Pictures are to be left out, and only the lines below starting at the one with "Anthony Joshua vs Francos Ngannou" and ending at the one with "بلقدس عاصمة فلسطين" are to be reproduced, each exactly, both ends included.

AVAILABLE RECORDS:

↓↓↓

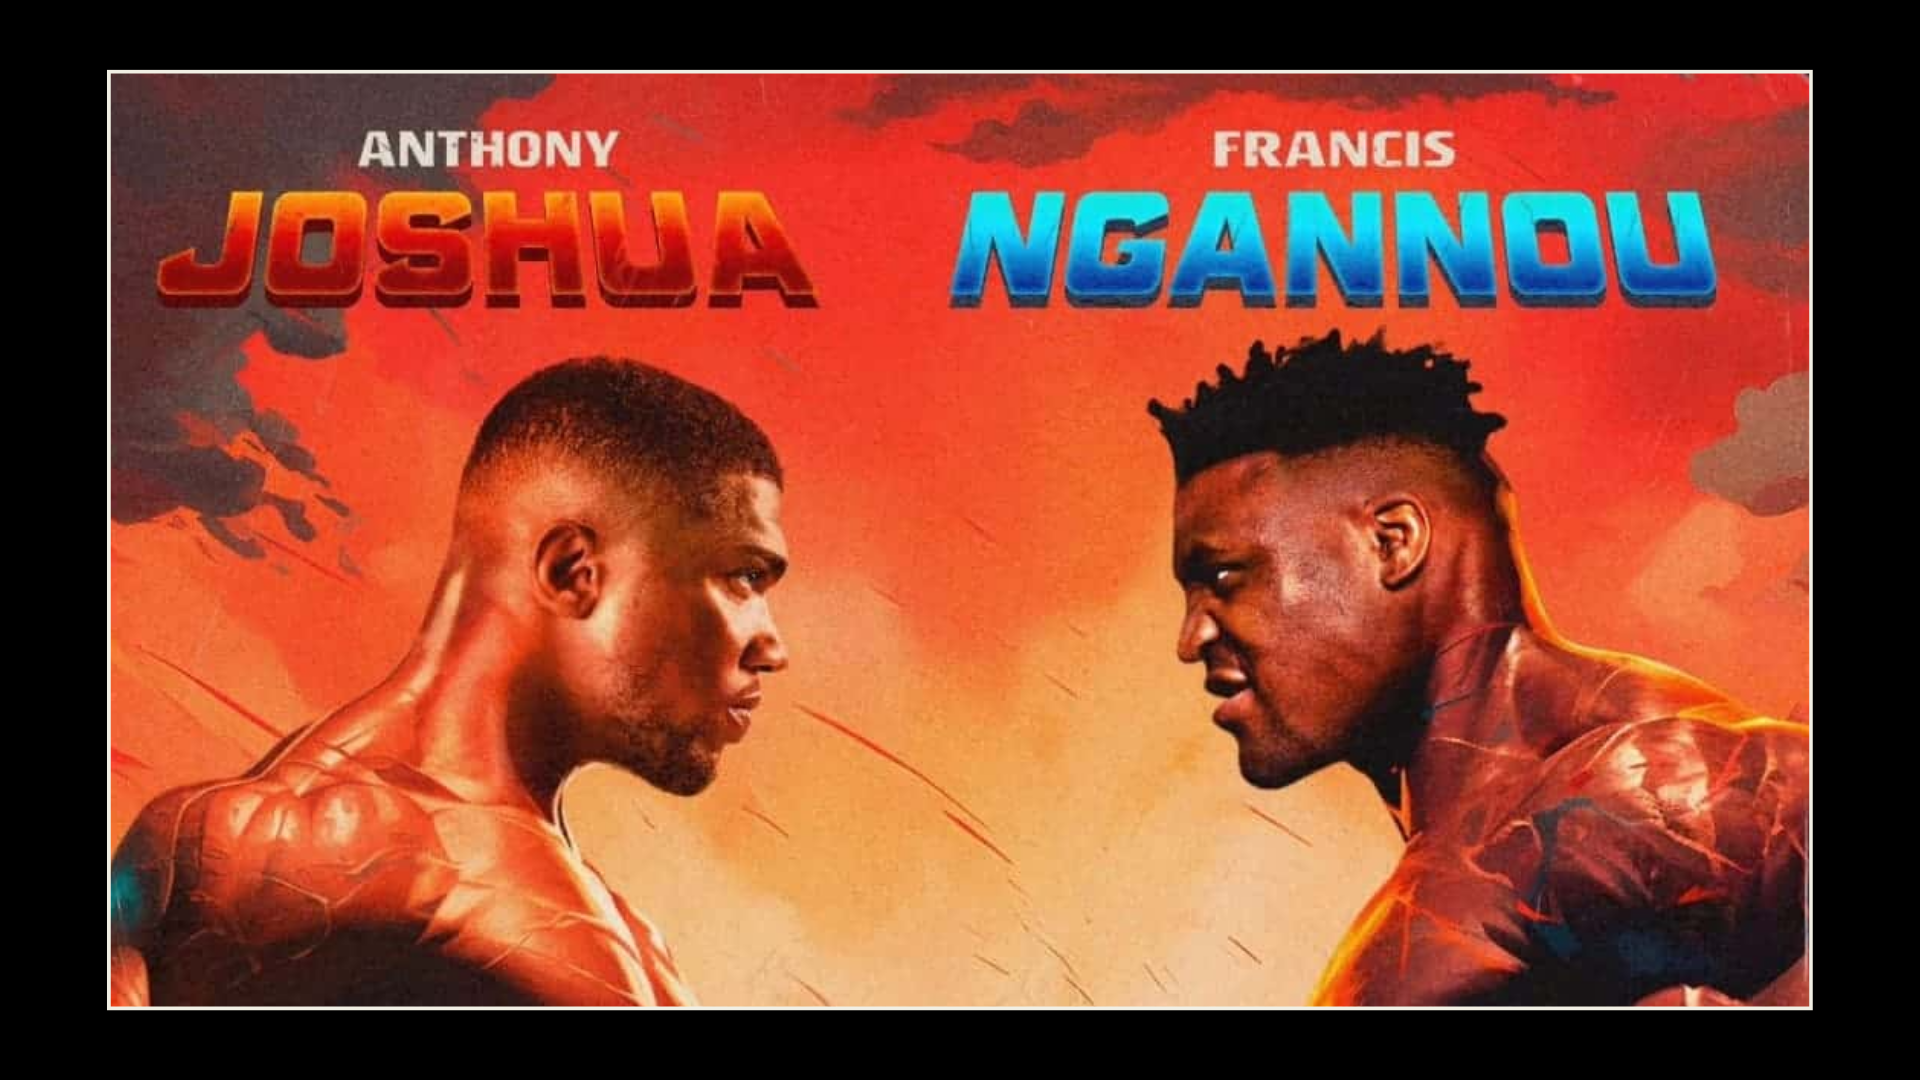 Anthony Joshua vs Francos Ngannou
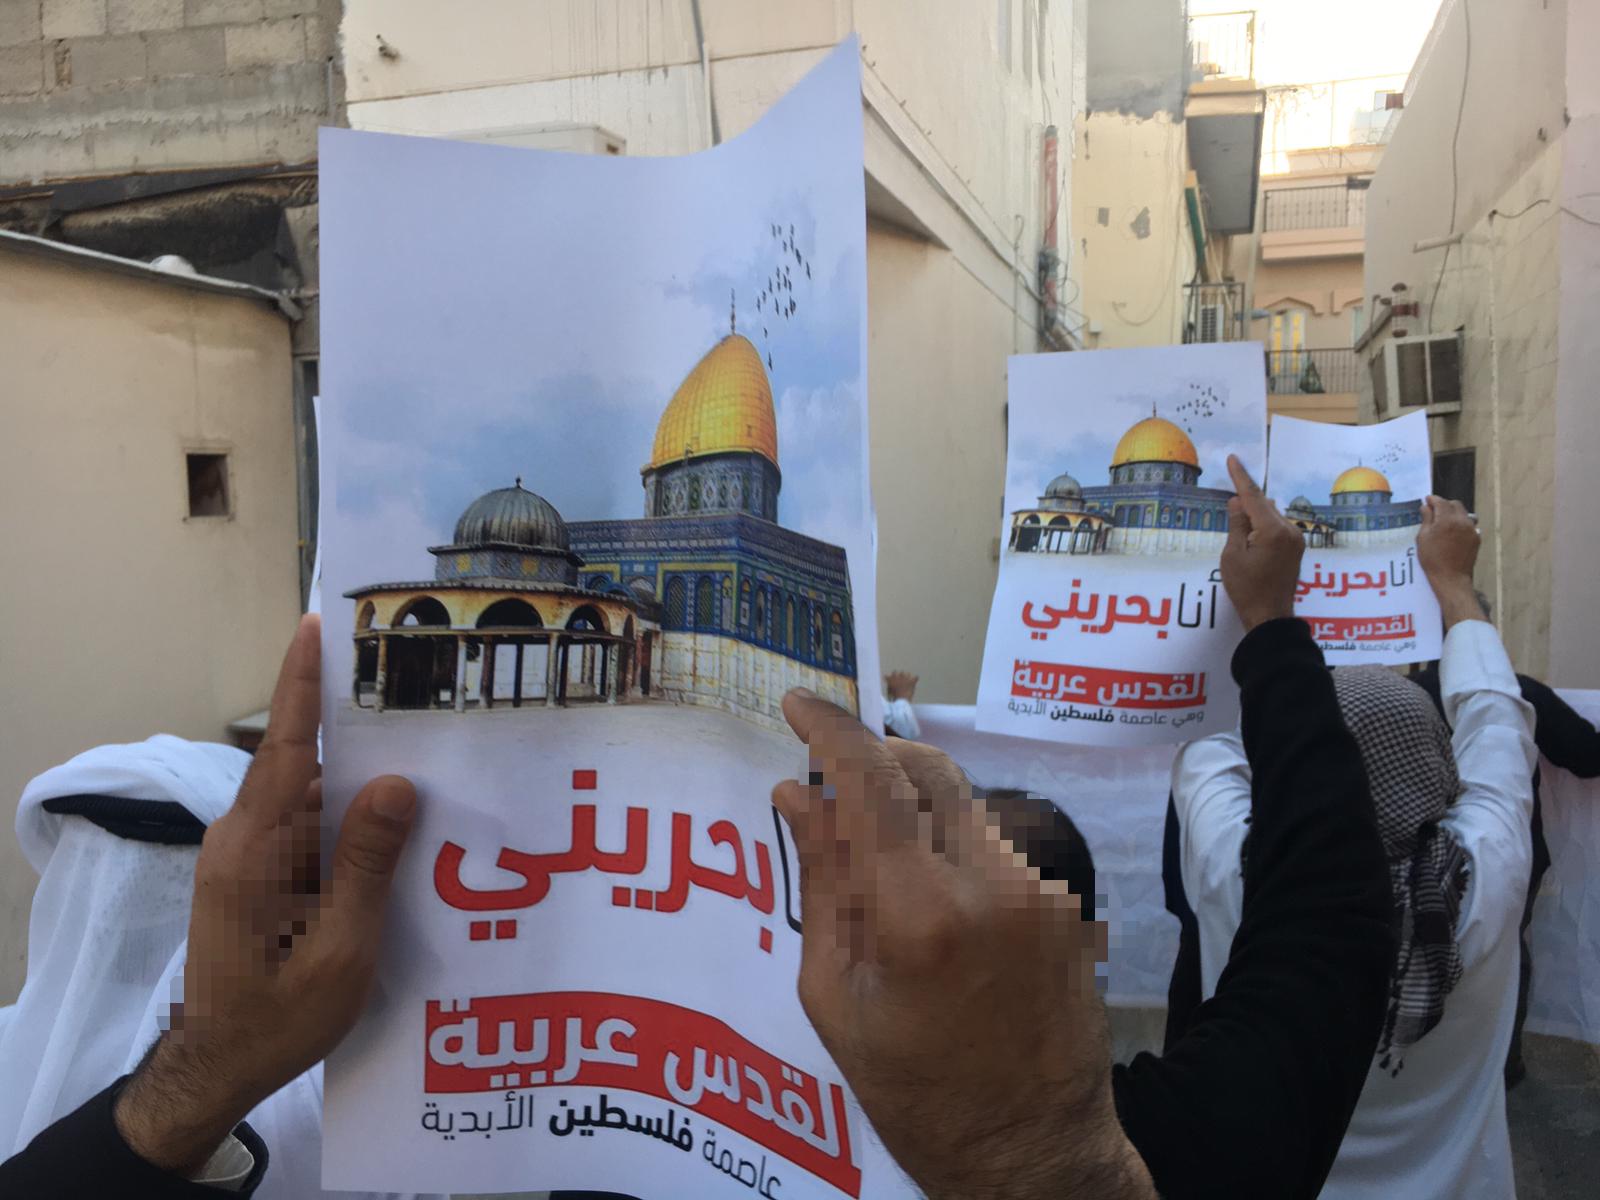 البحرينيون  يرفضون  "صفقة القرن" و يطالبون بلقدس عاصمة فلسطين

↑↑↑
↓↓↓

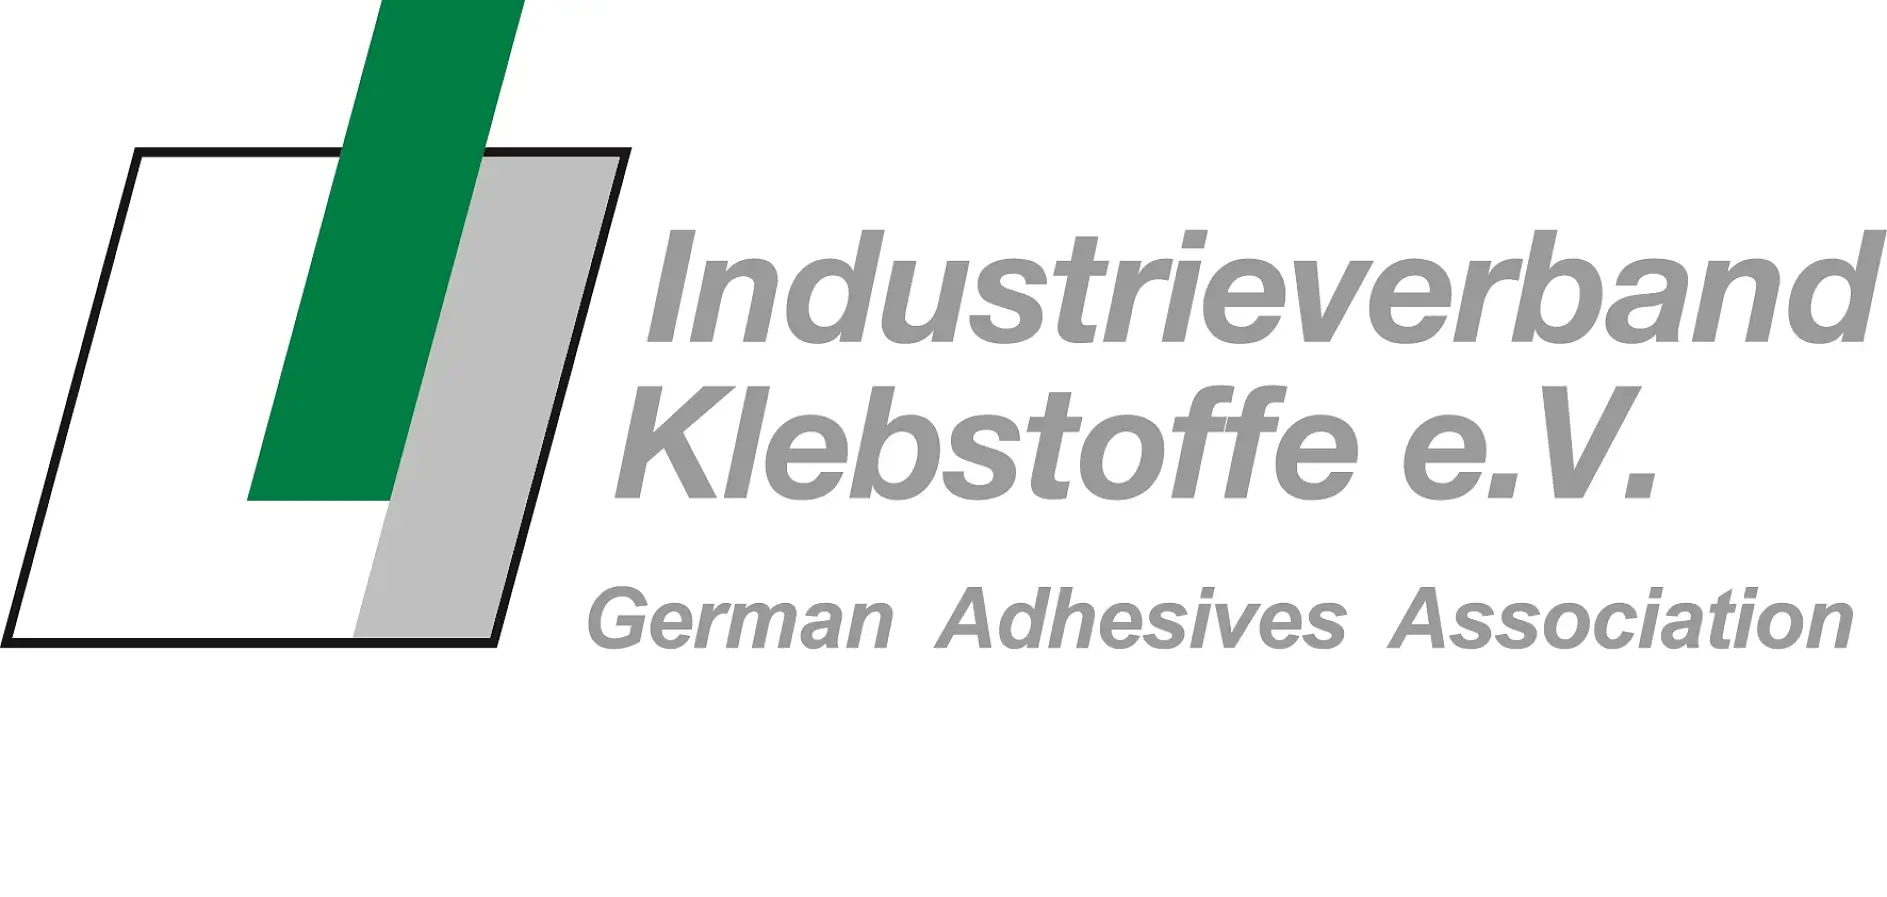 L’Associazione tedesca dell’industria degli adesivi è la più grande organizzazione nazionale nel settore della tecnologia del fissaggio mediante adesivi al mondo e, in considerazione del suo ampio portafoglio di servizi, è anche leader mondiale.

↑↑↑

RESPONSE TO THIS EXERCISE:
 Anthony Joshua vs Francos Ngannou
 البحرينيون  يرفضون  "صفقة القرن" و يطالبون بلقدس عاصمة فلسطين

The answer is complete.